Pemerintah Provinsi Bali mengambil langkah tegas terkait meningkatnya sampah plastik kemasan gelas. Sebuah produsen air minum dalam kemasan yang dikenal luas dengan kemasan gelas plastiknya, kini menjadi sorotan utama karena kontribusinya yang besar terhadap pencemaran lingkungan di Pulau Dewata.
Melalui Surat Edaran Gubernur Bali Nomor 9 Tahun 2025, Gubernur Wayan Koster secara resmi melarang produksi AMDK dengan volume kurang dari 1 liter. Tak hanya larangan, sanksi tegas juga disiapkan bagi produsen yang melanggar, mulai dari peninjauan hingga pencabutan izin usaha, serta pengumuman publik bahwa perusahaan tersebut tidak ramah lingkungan.
Koster menegaskan, akan mengumpulkan semua produsen. “Tidak boleh lagi memproduksi minuman kemasan yang satu liter ke bawah. Kan ada yang kayak gelas itu nggak boleh lagi.

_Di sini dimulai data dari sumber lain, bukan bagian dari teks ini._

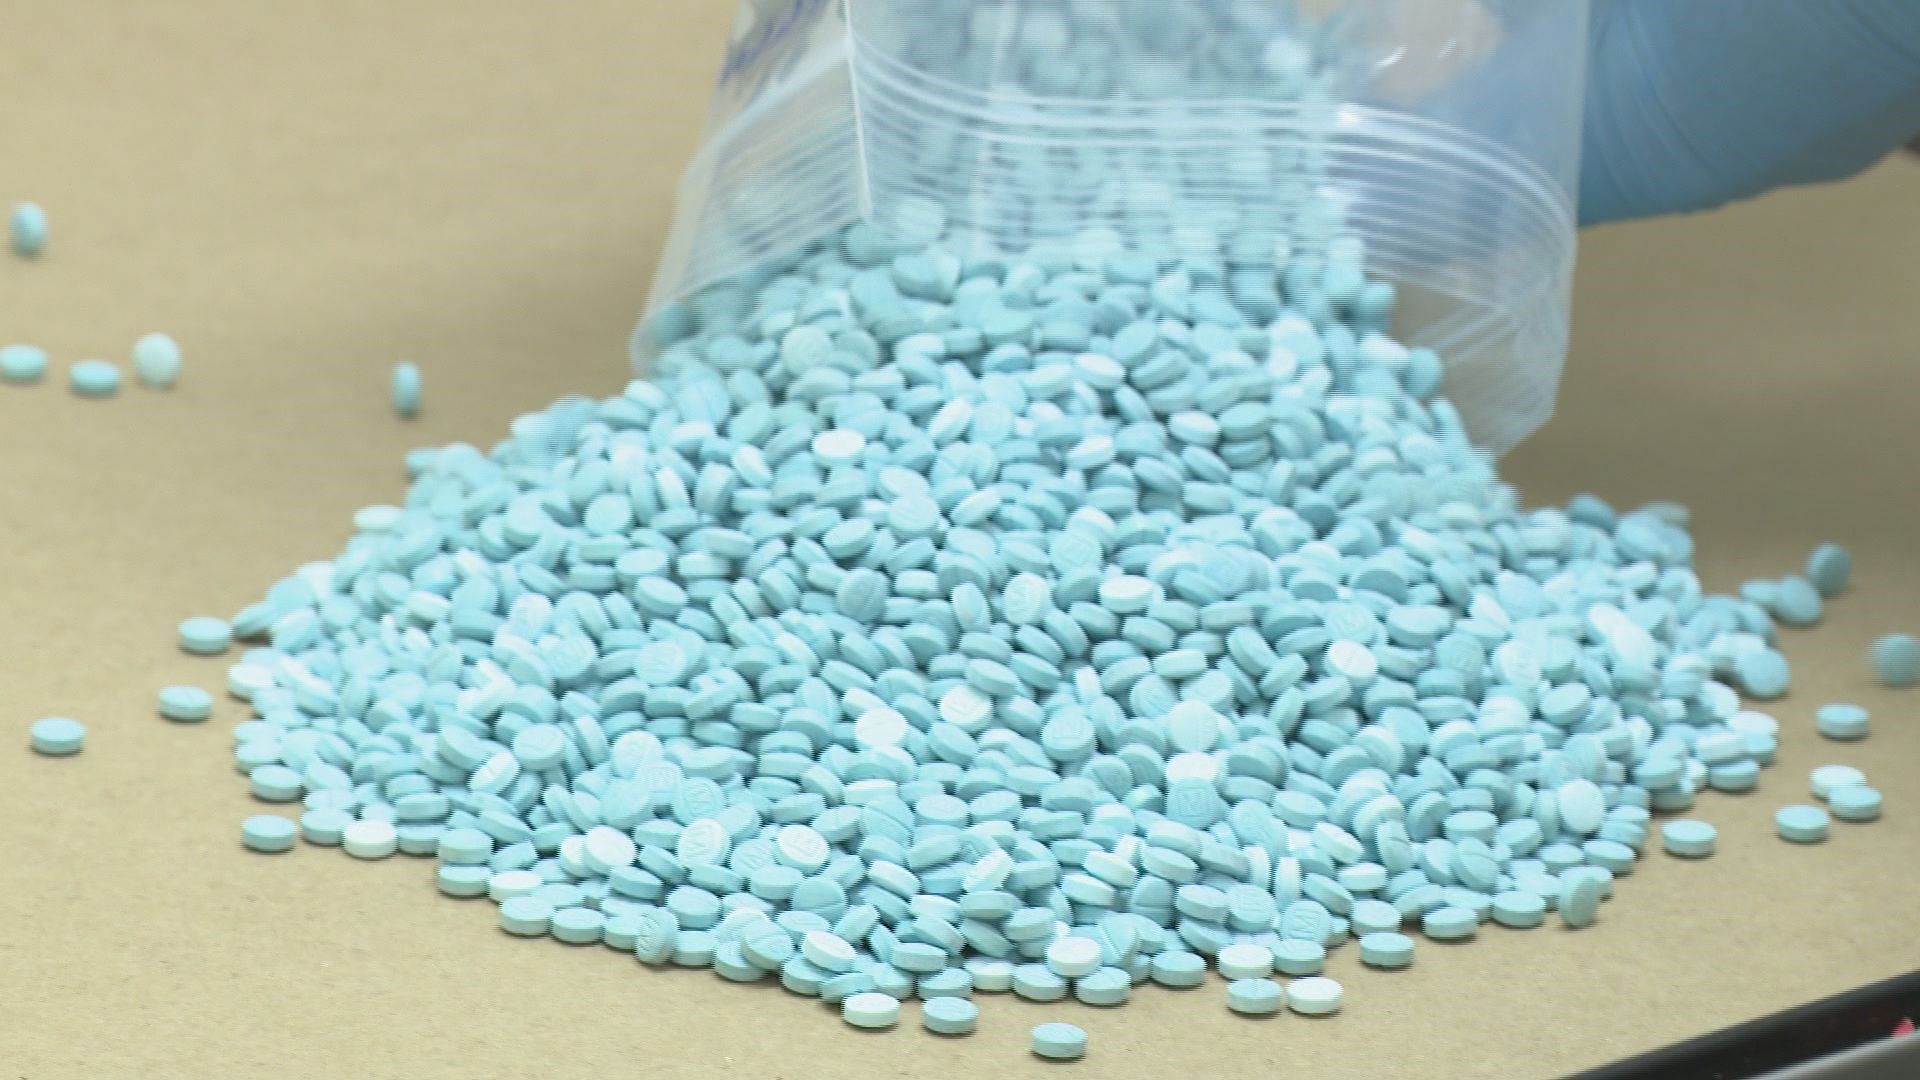 The Drug Enforcement Agency (DEA) is seizing more and more fentanyl-laced, fake prescription pills nationwide, as well as here in Michigan.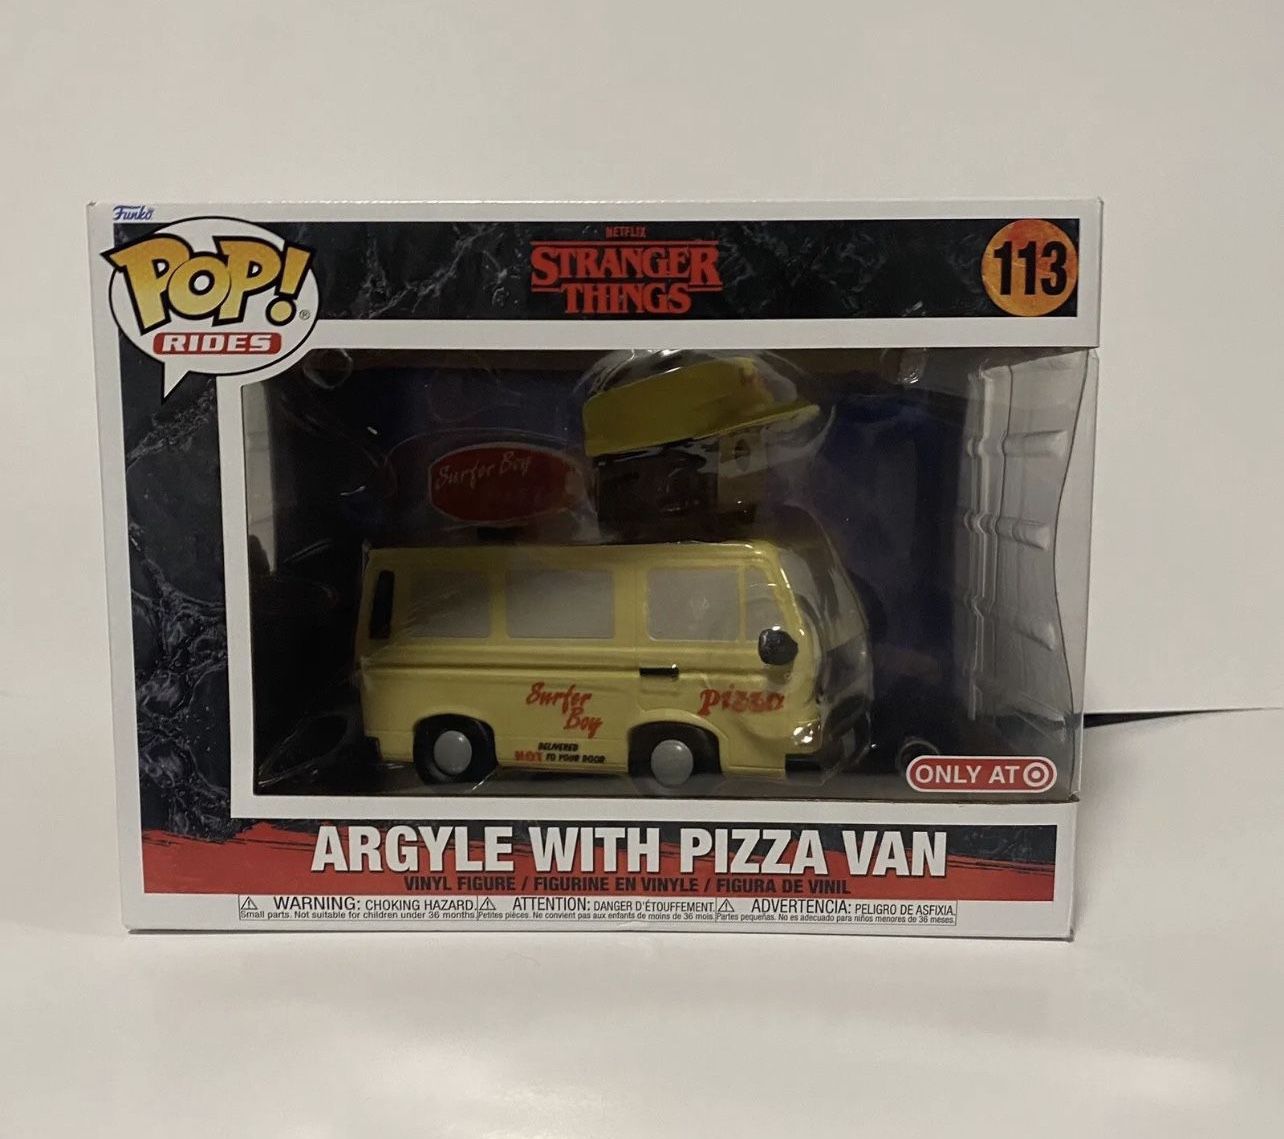 Funko Pop! Rides Stranger Things Argyle With Pizza Van Target Exclusive

Kalau galon boleh,” tuturnya pada Minggu (6/4).
Laporan Brand Audit 2024 oleh Sungai Watch mengungkapkan bahwa salah satu penyumbang utama sampah plastik di Bali adalah air minum kemasan gelas berukuran 220 ml yang menyentuh angka hingga 10.334 item sampah kemasan gelas
Secara keseluruhan, produsen market leader air minum dalam kemasan itu menjadi salah satu perusahaan pencemar terbesar di Bali dan Jawa Timur dengan 39.480 item sampah, mencakup tidak hanya gelas plastik, tetapi juga bungkus sedotan, dan sedotan plastik yang semuanya berbahan dasar plastik sekali pakai.
Produsen tersebut sudah empat tahun berturut-turut menempati posisi ini. Sampah-sampah yang tak terkelola, dan terutama berserakan di badan-badan air, terdiri dari 65 persen botol, 30 persen gelas, dan sisanya dari tutup galon, bungkus sedotan, serta sedotan, yang semuanya dibuat dari plastik sekali pakai.